Summary
I'm using spring boot webapp with security. Passwords of my users are stored in my DB after encoding with bcrypt. With some users if I try to login with correct username and blank password (empty string) authentication process not throw exception 401 but return me user as logged.

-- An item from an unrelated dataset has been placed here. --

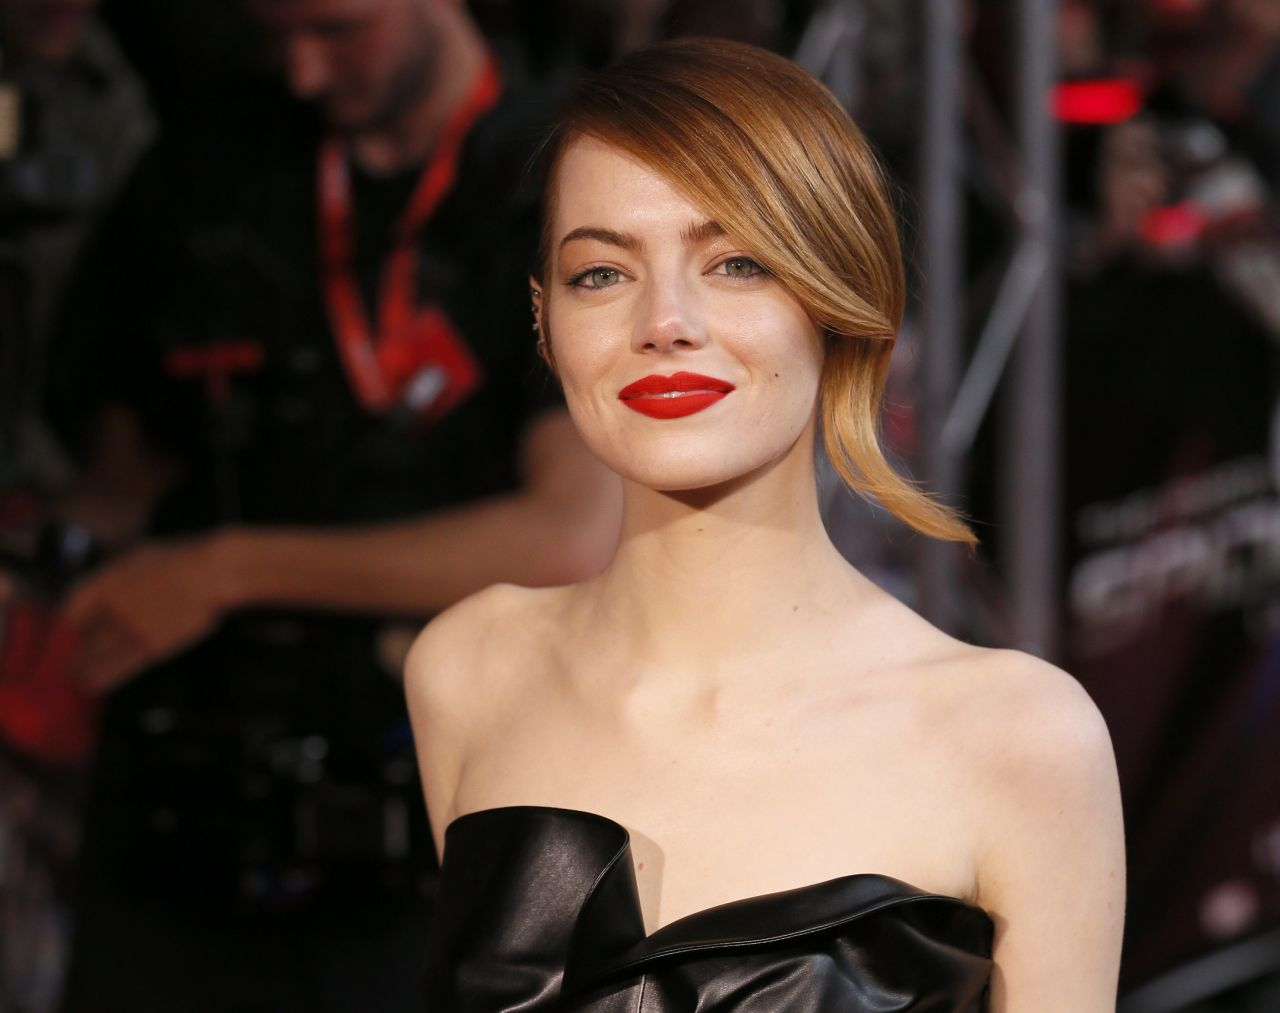 Emma Stone Wearing Lanvin Leather Dress - 'The Amazing ... Emma Stone

How is it possible?
Actual Behavior
return logged user
Expected Behavior
throw exception 401 but return me user as logged
Configuration
@Configuration
@EnableGlobalMethodSecurity(prePostEnabled = true, securedEnabled = true)

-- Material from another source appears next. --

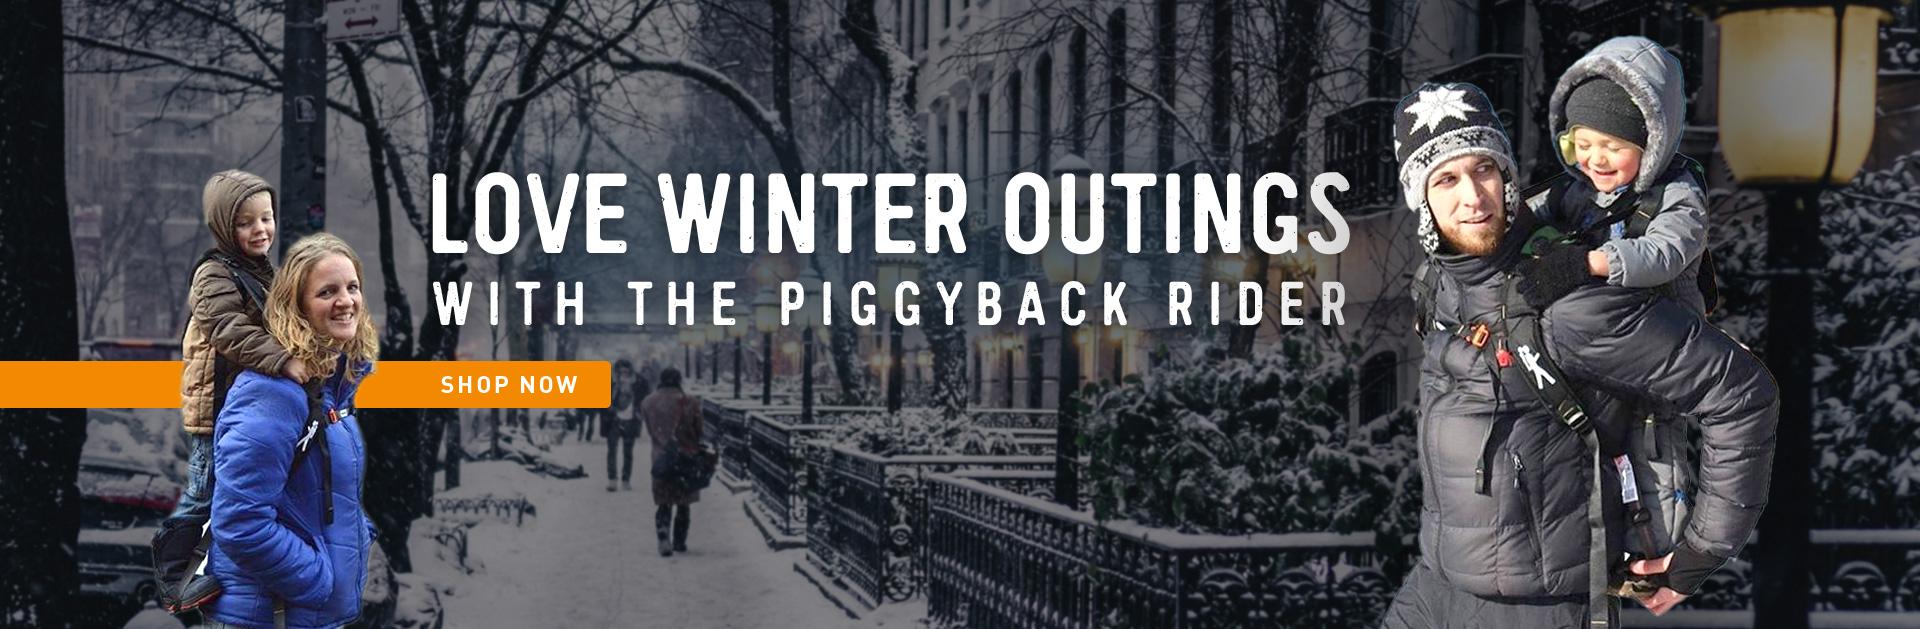 b0add023ad6 Toddler child carrier backpacks piggyback rider jpg 1920x629 Piggyback  carrier

@Order(SecurityProperties.ACCESS_OVERRIDE_ORDER)
public class WebSecurityConfiguration extends WebSecurityConfigurerAdapter {
public static final String REMEMBER_ME_KEY = "rememberme_key";
@Autowired
private CustomUserDetailsService userDetailsService;
@Autowired
private RestUnauthorizedEntryPoint restAuthenticationEntryPoint;
@Autowired
private AccessDeniedHandler restAccessDeniedHandler;
@Autowired
private AuthenticationSuccessHandler restAuthenticationSuccessHandler;
@Autowired
private AuthenticationFailureHandler restAuthenticationFailureHandler;
@Autowired
private RememberMeServices rememberMeServices;
@Autowired
private BCryptPasswordEncoder bcryptEncoder;
@Bean
public AuthenticationManager authenticationManagerBean() throws Exception {
return super.authenticationManagerBean();
}
@Autowired
public void configureGlobal(AuthenticationManagerBuilder auth) throws Exception {
auth.userDetailsService(userDetailsService).passwordEncoder(bcryptEncoder);
}
@Bean
public AuthenticationTokenFilter authenticationTokenFilterBean() throws Exception {
AuthenticationTokenFilter authenticationTokenFilter = new AuthenticationTokenFilter();
authenticationTokenFilter.setAuthenticationManager(authenticationManagerBean());
return authenticationTokenFilter;
}
@Bean
public SwitchUserFilter switchUserFilter() {
SwitchUserFilter filter = new SwitchUserFilter();
filter.setUserDetailsService(userDetailsService);
filter.setUsernameParameter("login");
filter.setSwitchUserUrl("/switch_user");
filter.setExitUserUrl("/switch_user_exit");
filter.setTargetUrl("/users/me");
filter.setSwitchFailureUrl("/version");
return filter;
}
@Override
protected void configure(HttpSecurity http) throws Exception {
http
.headers().disable()
.csrf().disable()
.authorizeRequests()
.antMatchers("/switch_user").hasAnyRole("ADMIN", "GOD")
.antMatchers("/switch_user_exit").hasRole("PREVIOUS_ADMINISTRATOR")
.antMatchers("/static/**").permitAll()
.antMatchers("/users").permitAll()
.antMatchers("/version").permitAll()
.antMatchers("/ms3/**").permitAll()
.antMatchers("/form/**").permitAll()
.antMatchers("/extapi/**").permitAll()
.anyRequest().authenticated()
.and()
.authorizeRequests()
.antMatchers("/api/**").authenticated()
.and()
.exceptionHandling()
.authenticationEntryPoint(restAuthenticationEntryPoint)
.accessDeniedHandler(restAccessDeniedHandler)
.and()
.formLogin()
.loginProcessingUrl("/authenticate")
.successHandler(restAuthenticationSuccessHandler)
.failureHandler(restAuthenticationFailureHandler)
.usernameParameter("username")
.passwordParameter("password")
.permitAll()
.and()
.logout()
.logoutUrl("/logout")
.logoutSuccessHandler(new HttpStatusReturningLogoutSuccessHandler())
.deleteCookies("JSESSIONID")
.permitAll().and().rememberMe()
.rememberMeServices(rememberMeServices)
.key(REMEMBER_ME_KEY)
.and().addFilterAfter(switchUserFilter(), FilterSecurityInterceptor.class);
http
.addFilterBefore(authenticationTokenFilterBean(), UsernamePasswordAuthenticationFilter.class);
}
Version
- SpringBoot 1.3.3_RELEASE
- SpringSecurity 4.0.3_RELEASE
Comment From: marcusdacoregio
Hi @scne,
I apologize beforehand, I know that it's been a while since this issue was opened.
With the code provided, I couldn't simulate the problem. If this is still a problem for someone else, a minimal, reproducible sample would be helpful.
Comment From: marcusdacoregio
I'll close this for now but we can always reopen it if someone has this problem.